I numeri sono ancora contenuti. Ma il tasso di crescita e l’attenzione che gli investitori mostrano nei confronti del fintech fanno intravedere la maturazione in corso. Secondo un report di Disrupt Africa, gli investimenti ricevuti da startup tecnologiche del continente si sono fermato poco sotto i 186 milioni di dollari. Una cifra raddoppiata nel giro di un anno. A impressionare non sono tanto i numeri assoluti quanto l’impatto del fintech: il settore ha attirato il 29,6% delle risorse. Solo l’energia solare ha fatto meglio (con il 32,9%). Non sorprende allora che il primo unicorno del continente, Interswitch, sia un unicorno fintech.

Sono numeri che “potrebbero rappresentare solo la punta dell’iceberg”, afferma Tom Jackson, co-fondatore di Disrupt Africa. L’ecosistema, infatti, è talmente frammentato da rendere difficile la raccolta di numeri attendibili. Ad esempio: secondo un’altra ricerca, intitolata The Next Africa, le cifre in ballo sarebbero ben diversi: i fondi da venture capital finiti nelle casse delle startup tecnologiche africane sarebbero stati 414 milioni già nel 2015. E saranno 608 milioni nel 2018.

Naturalmente il flusso del denaro è assai disomogeneo. Perché l’Africa non può essere considerato un ecosistema unico (come quello europeo, asiatico o americano). Il Sud Africa si afferma come hub principale, capace di attrarre il 36% degli investimenti.
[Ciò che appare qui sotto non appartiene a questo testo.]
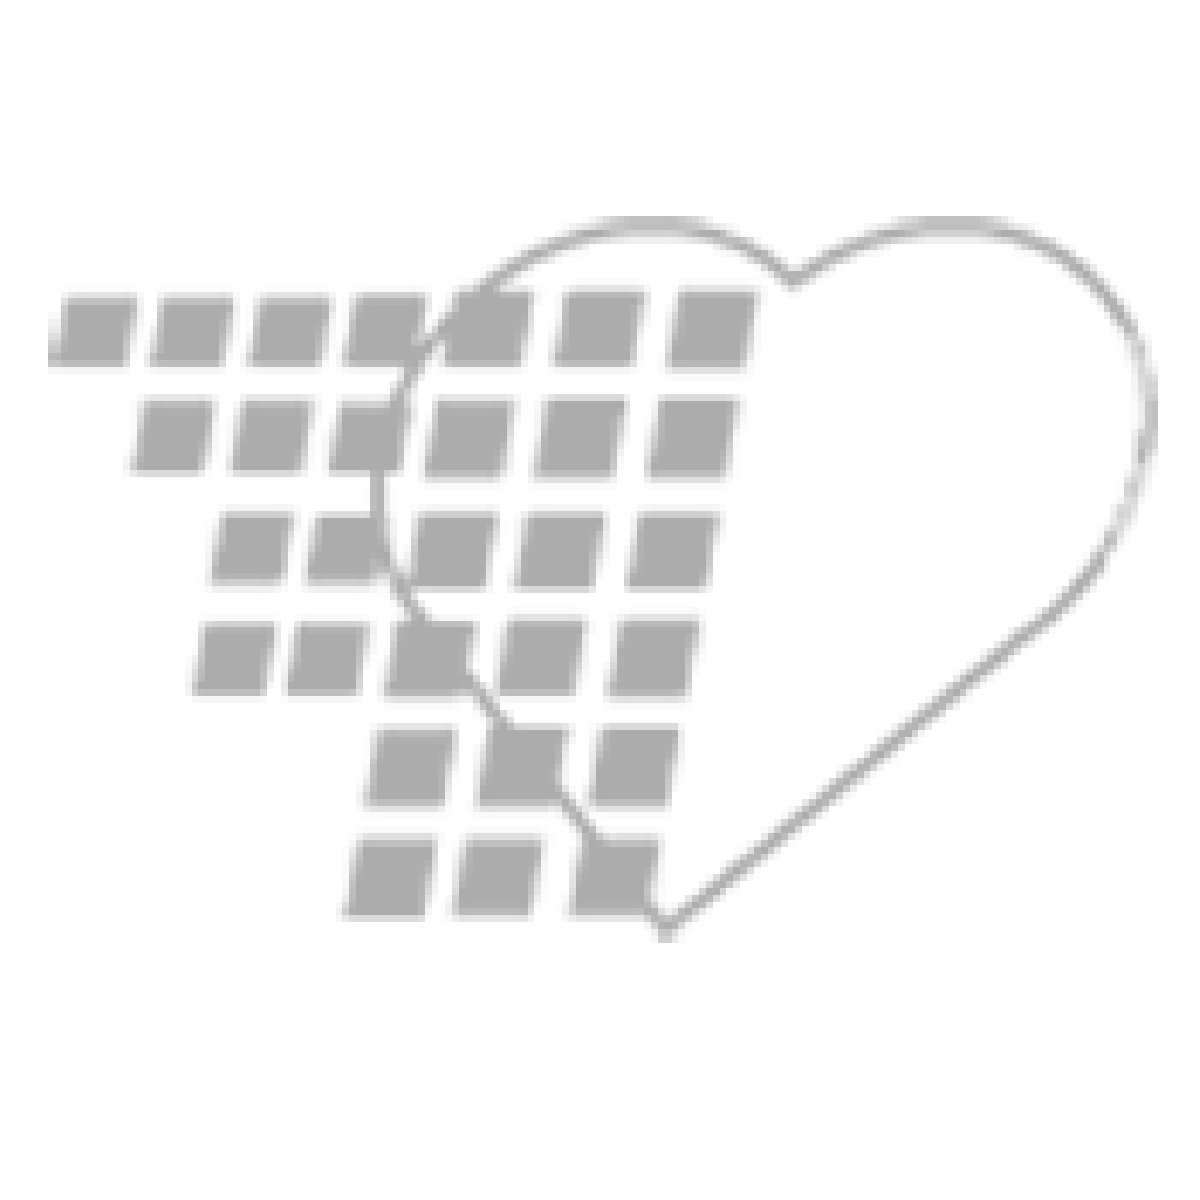 07-71-8199 Posey® Cufflator™ Endotracheal Tube Inflator and Manometer

Seguono la Nigeria, con il 24%, e il Kenya con il 14,4%. Qualche passo indietro Tanzania, Egitto e Ghana.

Anche le exit si muovono in un sistema nebuloso. Ma si muovono: secondo un report di VC4Africa, un terzo dei 125 investitori intervistati ha realizzato “almeno una exit” e uno su sei “più di cinque”.

Nascita di un ecosistema

Quello che manca, soprattutto, è un sistema organico che metta in contatto startup e capitali. VC4Africa è stato uno dei primi a provarci. È un network di circa 600 investitori (in gran parte business angel), che accoglie imprese in cerca di risorse (con limite fissato a un milioni di dollari). Nel 2011, al primo anno di attività, le richieste di accesso al programma erano state 350. Nel 2014 erano già diventate 2600. Le imprese hanno fame di capitali e contatti.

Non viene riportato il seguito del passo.